• _Aim of the exercise_
One exact copy of the listing, minus the images, is the required answer.

• _Dataset extract_
*** Begin section ***

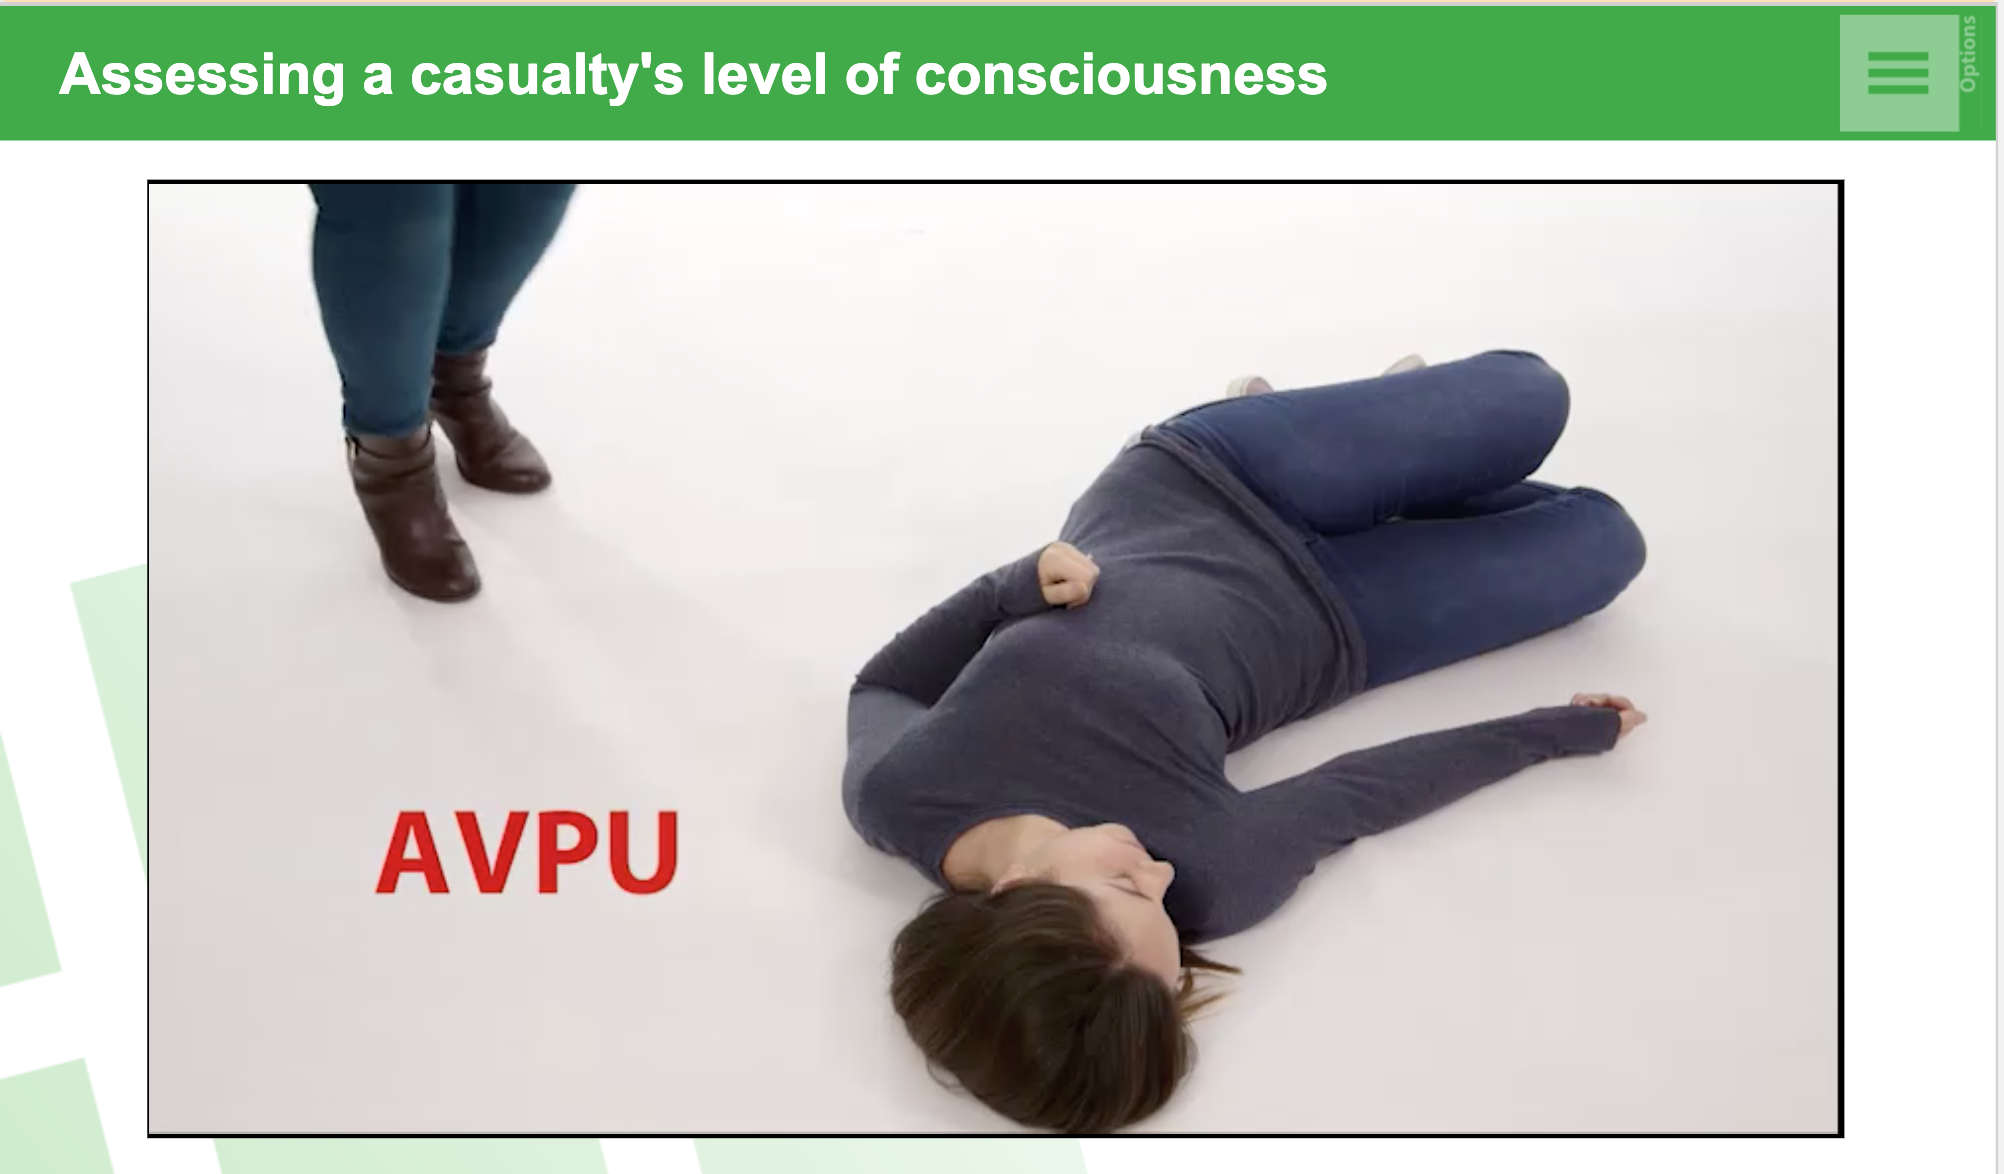 Assessing conciousness
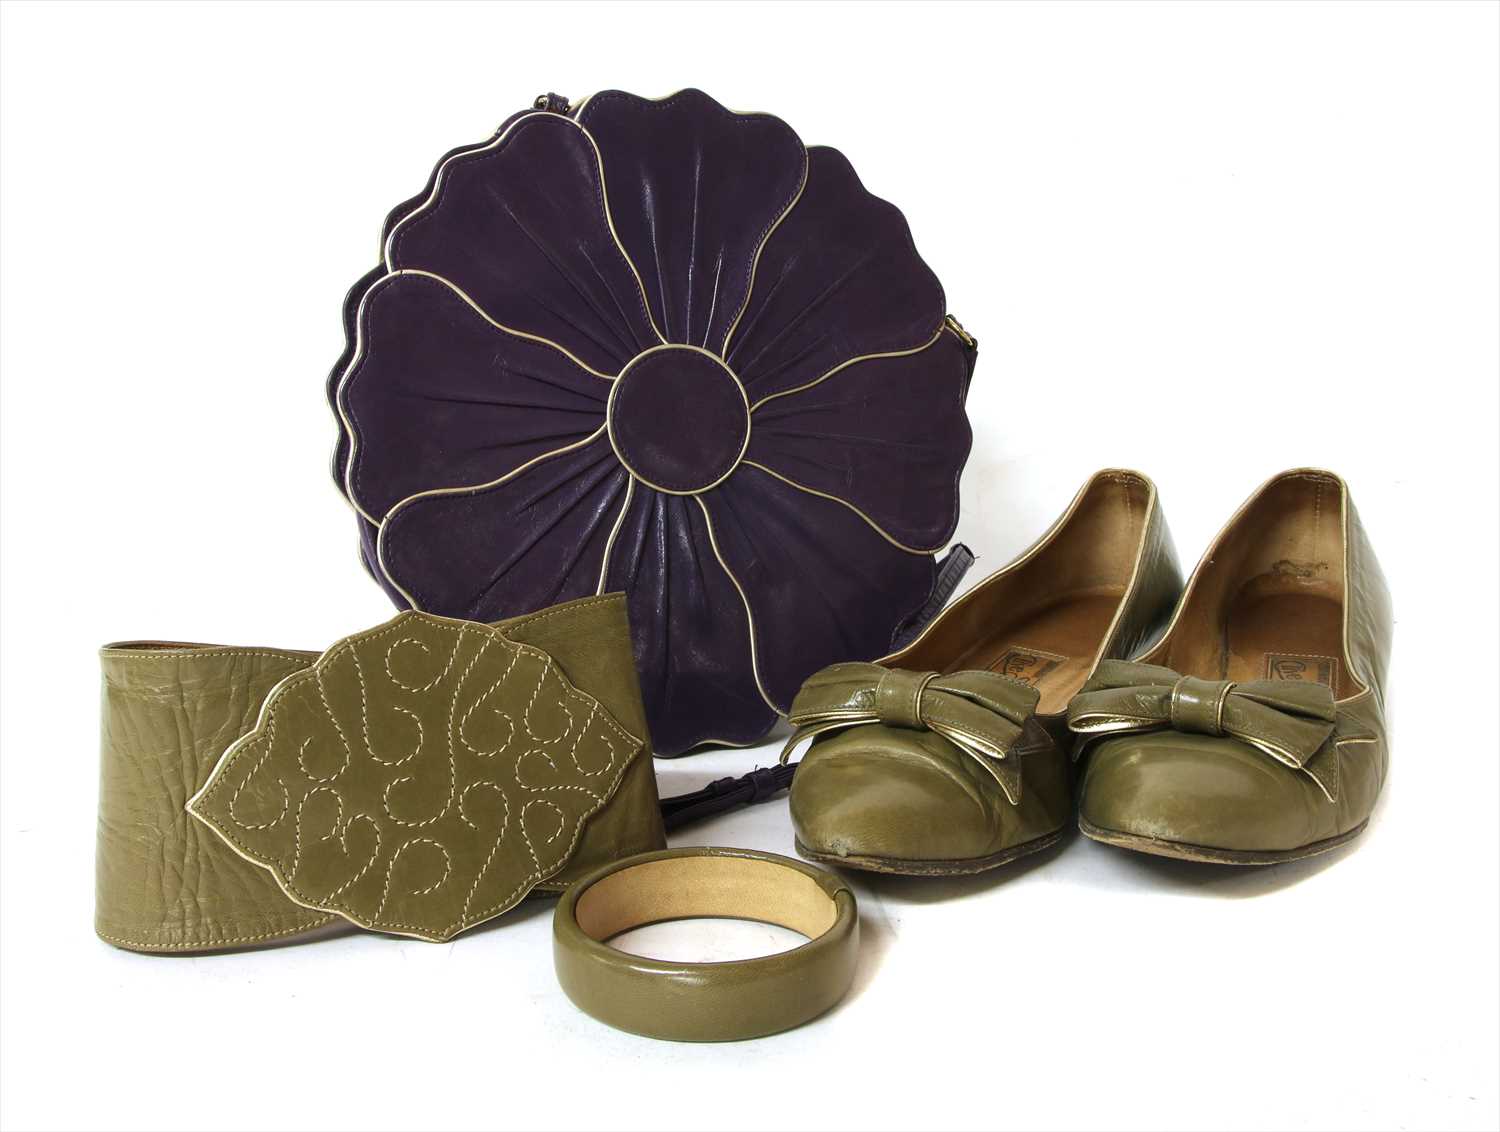 Clive Shilton khaki court shoes, khaki belt and Clive Shilton purple bag
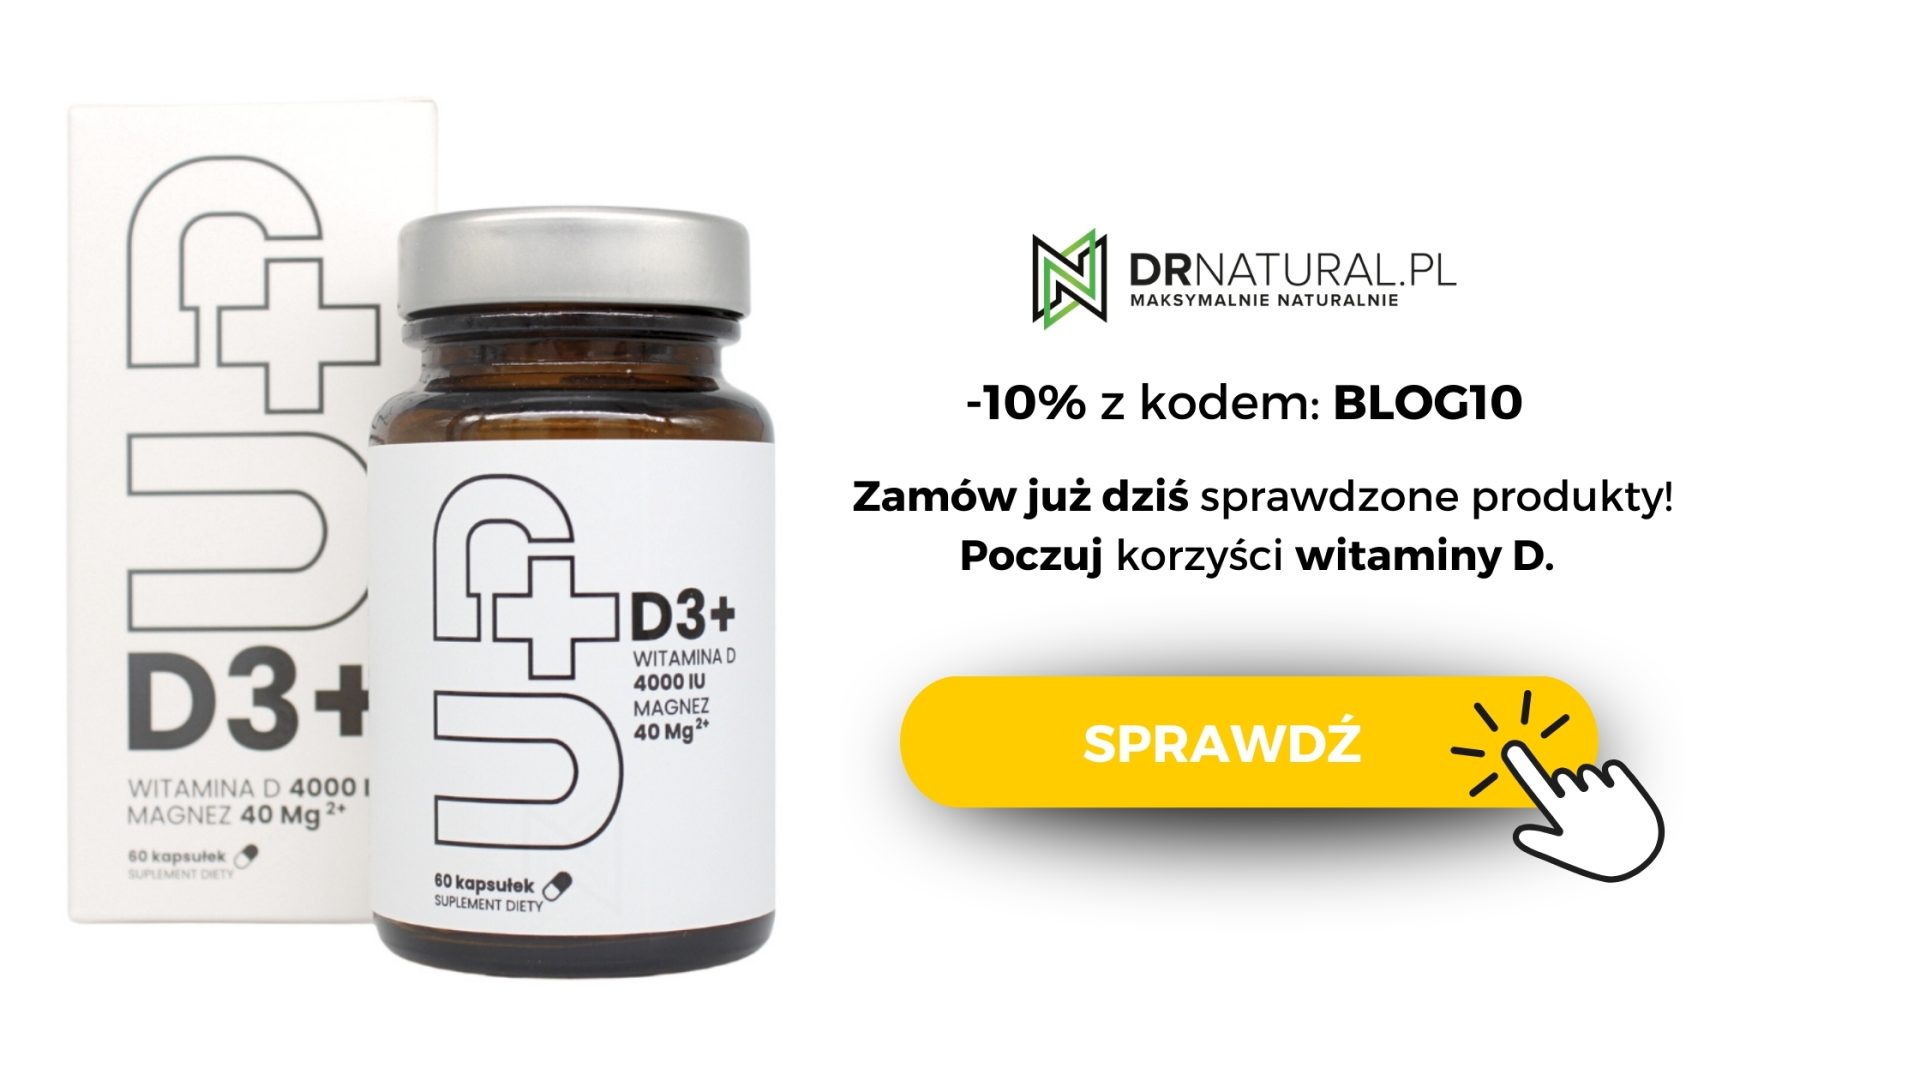 Butelka suplementu UP - D3+, z 10% kodem rabatowym BLOG10 - zamów już dziś na drnatural.pl i poczuj korzyści witaminy d. Przycisk pomarańczowy z napisem "sprawdź" i ikona klikania myszką

*** End section ***

• _Completed task_
 Assessing conciousness
 Clive Shilton khaki court shoes, khaki belt and Clive Shilton purple bag
 Butelka suplementu UP - D3+, z 10% kodem rabatowym BLOG10 - zamów już dziś na drnatural.pl i poczuj korzyści witaminy d. Przycisk pomarańczowy z napisem "sprawdź" i ikona klikania myszką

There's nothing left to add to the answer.